- Task statement
Output the complete listing exactly, please, and keep the pictures out of it.
═════ The data ═════
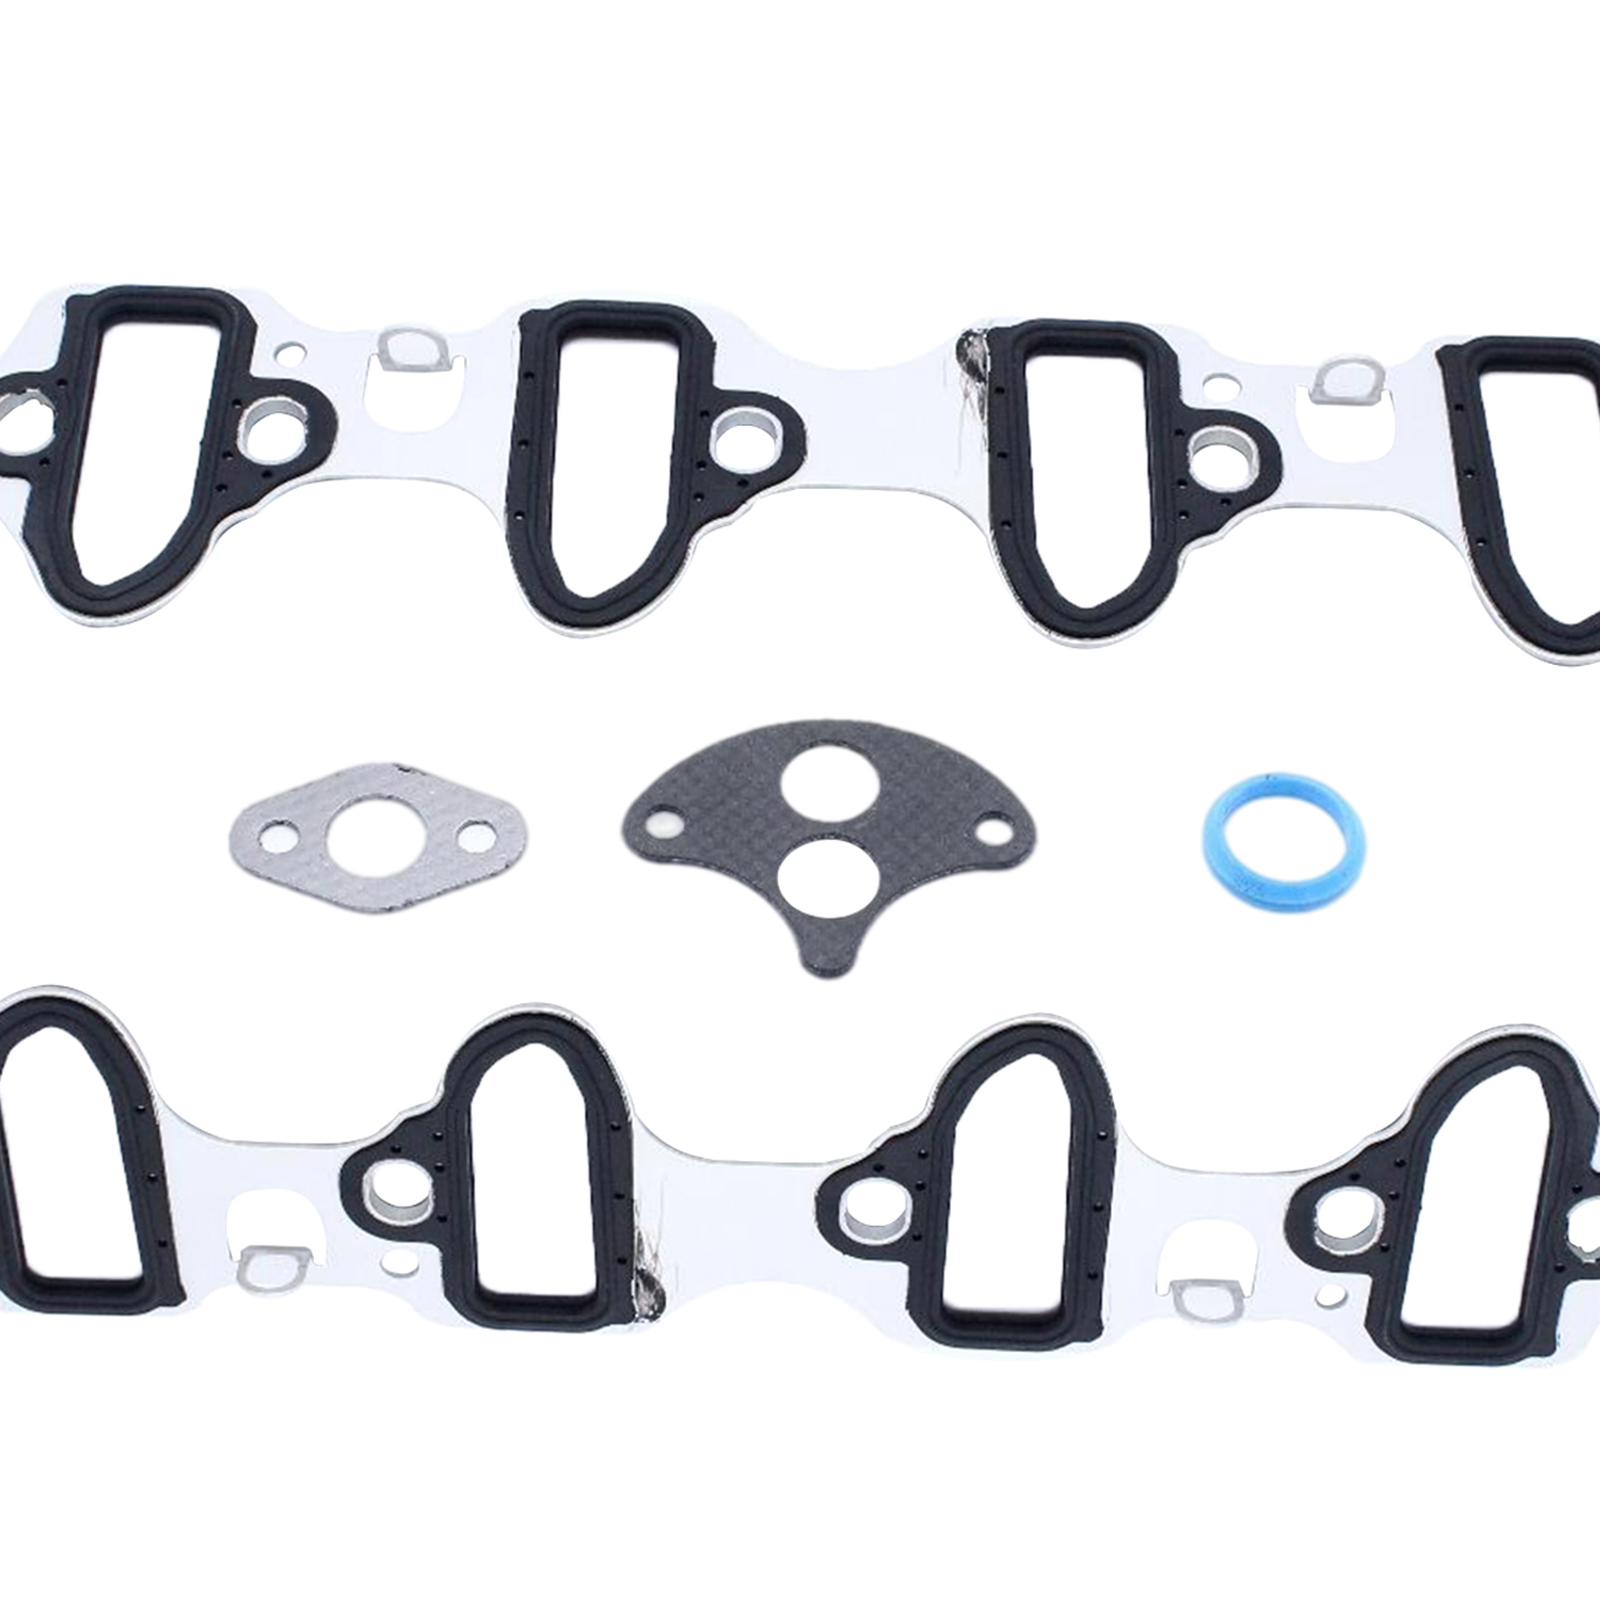 Intake Manifold Gasket MS98016T Replace for GMC Sierra for Suburban
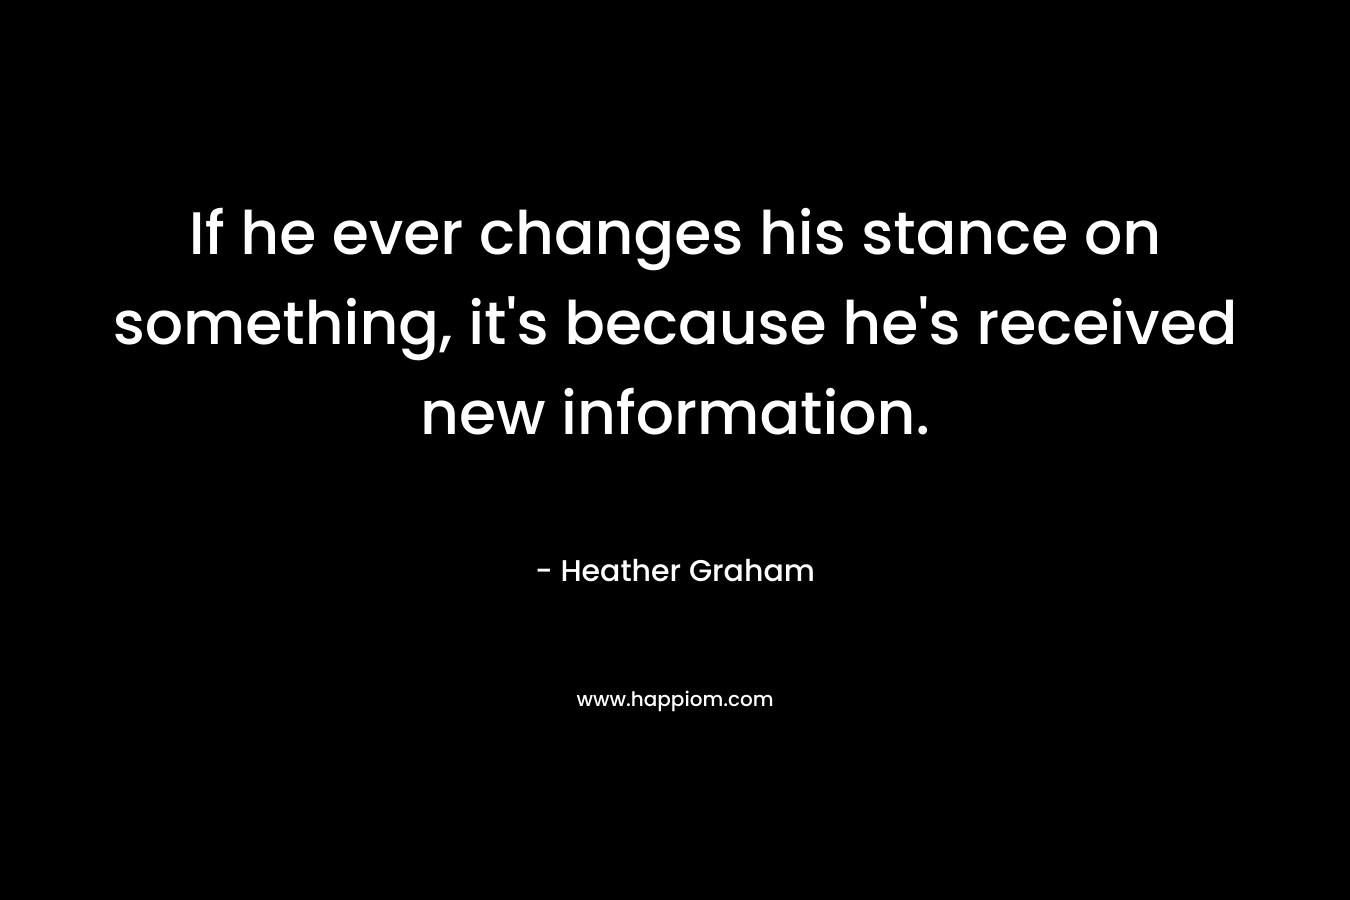 If he ever changes his stance on something, it’s because he’s received new information. – Heather Graham
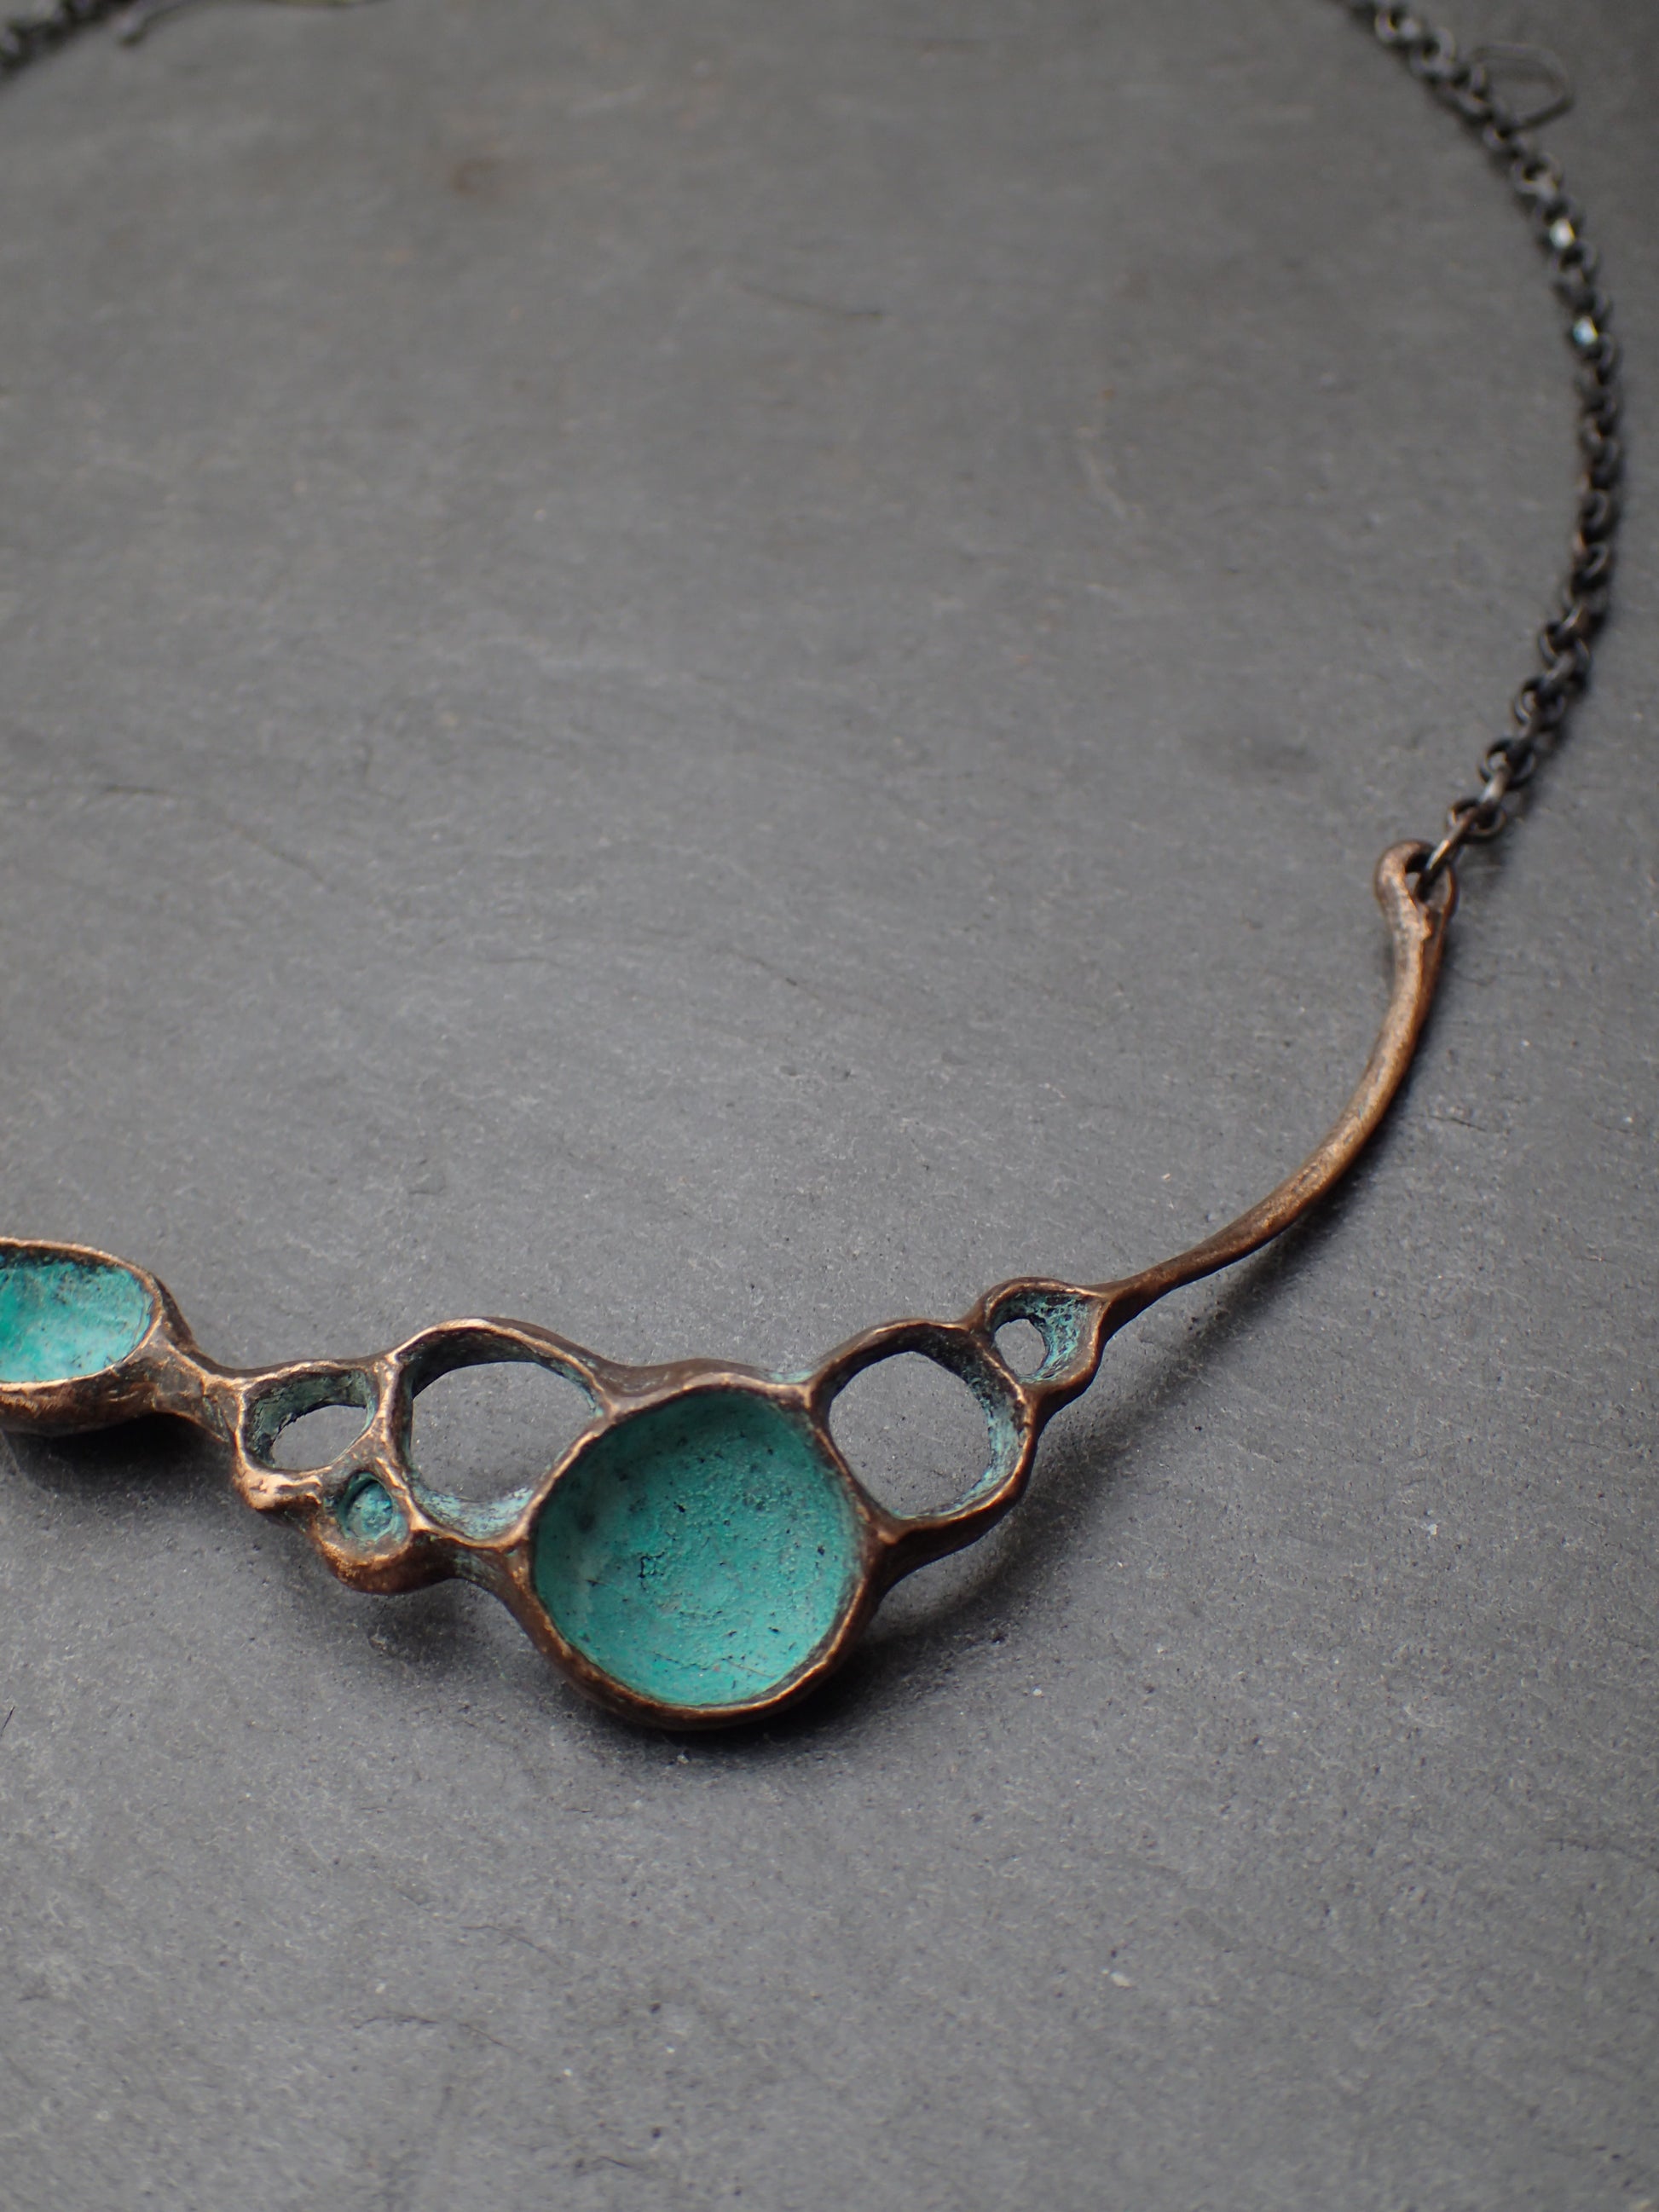 'Artefact' Necklace (delicate variation), Bronze with Turquiose patina, on 4mm silver chain.-Beca Beeby
═════
- Response to this exercise
 Intake Manifold Gasket MS98016T Replace for GMC Sierra for Suburban
 If he ever changes his stance on something, it’s because he’s received new information. – Heather Graham
 'Artefact' Necklace (delicate variation), Bronze with Turquiose patina, on 4mm silver chain.-Beca Beeby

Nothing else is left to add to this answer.